У этой армии убийц было все: от шпионской техники, которая помогала следить за будущими жертвами, до оружейных арсеналов, которые постоянно пополнялись. Зародившись в Кемеровской области, банда постепенно взяла под контроль и другие регионы.

Преступники собирали дань с предпринимателей, а каждого непокорного убивали. Если верить криминальным хроникам тех времен, у бандитов была традиция - носить с собой трофеи в виде кистей рук, отрубленных у трупов. Не удивительно, что отморозки с такими нравами сумели завоевать и столицу, потеснив в Москве знаменитую солнцевскую группировку.

Опера, служившие в те времена, говорили: если похоронить рядом всех, кто пал от рук банды Барыбина-Шкабары, то получится кладбише средних размеров. К великому облегчению многочисленных бизнесменов, в середине девяностых сыщики накрыли преступную структуру. Вымогатели и убийцы пошли под суд и большинство из них надолго прописалось за колючкой. Но были и те, кто в силу собственной везучести, а может, ввиду слабости следствия отделался "легким испугом".

Одним из счастливичков был Алексей Дабеев. По воспоминаниям современников, он получил какой-то скромный срок за хранение оружие и соучастие в посягательстве на жизнь милиционера (сущий пустяк на фоне многочисленных трупов). Как только освободился - в 1998-м году - поспешил покинуть Кемеровскую область. От греха (читай - от милиции) подальше перебрался в Новосибирск . Увы, злая карма настигла его. Впрочем, об этом - по порядку.

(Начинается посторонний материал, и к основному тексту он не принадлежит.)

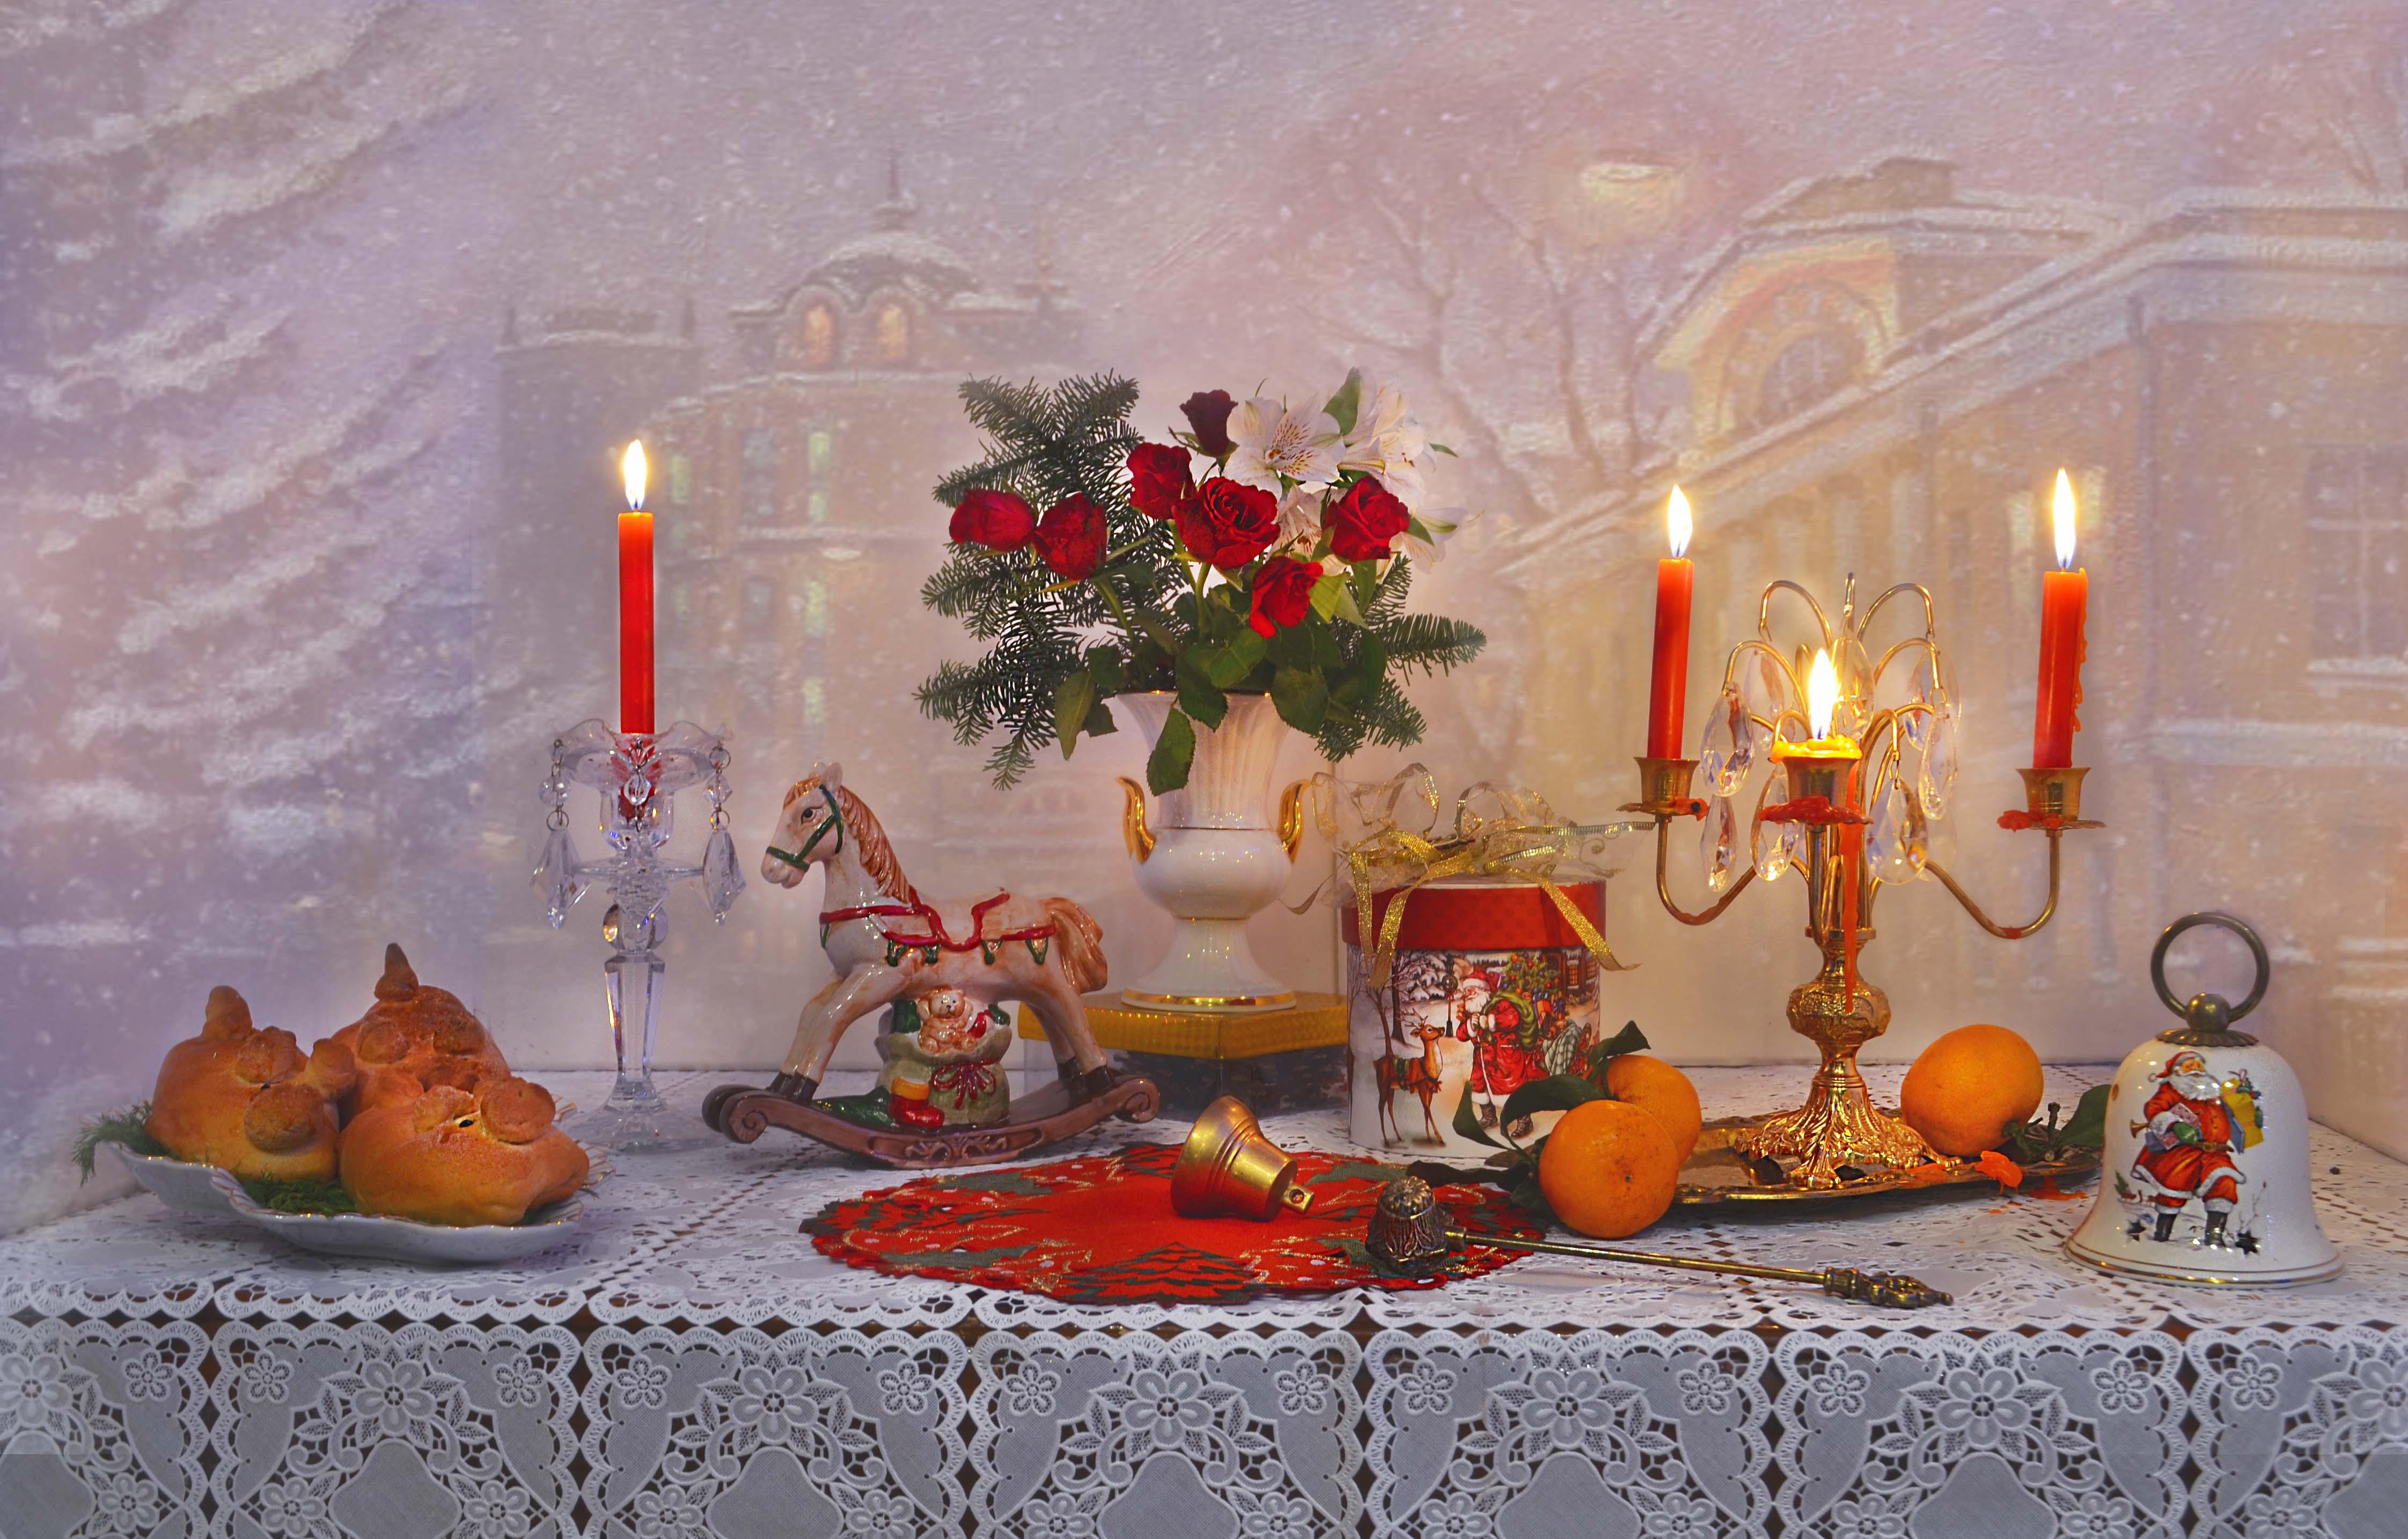 still life,натюрморт,фото натюрморт,зима, январь, праздник закончился, настроение, свечи, подсвечник, Колова Валентина
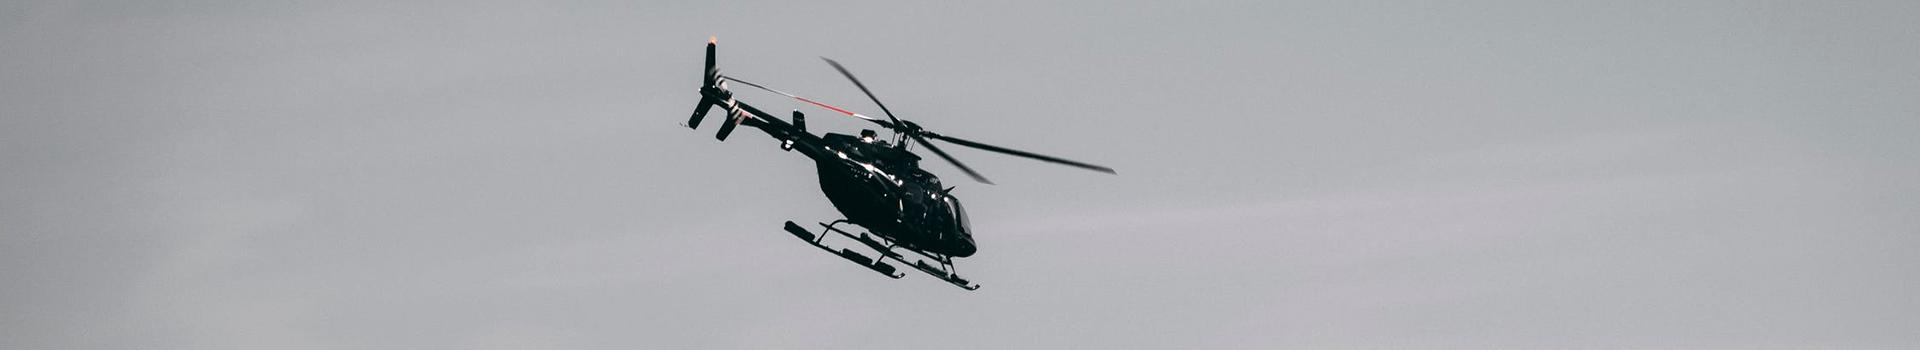 Главная картинка статьи Пилот вертолета — кто это? [Плюсы и минусы]

Пришел в милицию и попросился в тюрьму

12 декабре 1998 года третья столица прославилась очередным громким убийством. Зимним утром мирные граждане наткнулись на два окровавленных тела. Припорошенные снегом трупы покоились на замерзшем пляже Заельцовского района. Несчастными оказались новосибирские коммерсанты Александр Придня и Сергей Сидоров .

Опера, разыскивая подозревамых, пустились во все тяжкие. Но, вот сюрприз, в милицию пришел человек с повинной. Это и был Алексей Дабеев, который посетовал, что расстрелял двоих мужчин по пьяной лавочке. Дабы избавить следствие от лишних хлопот, искренний преступник даже выдал орудие убийства - пистолет Макарова . Экспертиза подтвердила: пули были выпущены именно из этого "ПээМа".

Следующий сюрприз Дабеев преподнес уже на суде. Он, вдруг, заявил, что отказывается от своих показаний. Что ни Придню, ни Сидорова не убивал, а лишь взял на себя чужую вину. Непостоянный сибиряк сказал, что признать преступление его заставили настоящие виновники - новокузнецкие приятели, которым Дабеев сильно задолжал.

Служители закона вновь продемонстрировали невероятную доверчивость. Объявили новых подозреваемых в розыск, а Дабееву дали мизерный срок за укрывательство преступников. Мужчина вскоре освободился, но... прожил на свободе совсем недолго. В 2002 году киллер растрелял его в самом центре Новосибирска: на пересечении улиц Челюскинцев и Советской. С мертвеца спроса уже не было, а дело об убийстве Придни и Сидорова пополнило копилку "глухарей".

Преступник перехитрил суд

Кровавые разборки многолетней давности снова всплыли в 2011 году, когда в Новосибирске начался суд над бандой Трунова . Перед служителями Фемиды ответил пока лишь один из своры душегубов - профессиональный киллер Дмитрий Буоль. Именно он и признался, что застрелил Алексея Дабеева. Но, вот удача, вместе с эти престпуплением, прояснилось и другое - убийство Придни и Сидорова. То ли труновский ликивидатор, то ли кто-то другой поведал правоохранителям, что замешан был Михаил Колмогоров. К слову - давний товарищ Дабеева и, предположительно, такой же выходец из кузбасской банды.

Полиция и следствие хранят подробности дела в тайне, но на условиях анонимности человек, близкий к правоохранительным органам, приоткрыл некоторые детали:

В декабре 1998-го Колмогоров выпивал вместе со своими приятелями среди которых были Придня и Сидоров. Из-за женщины возник скандал...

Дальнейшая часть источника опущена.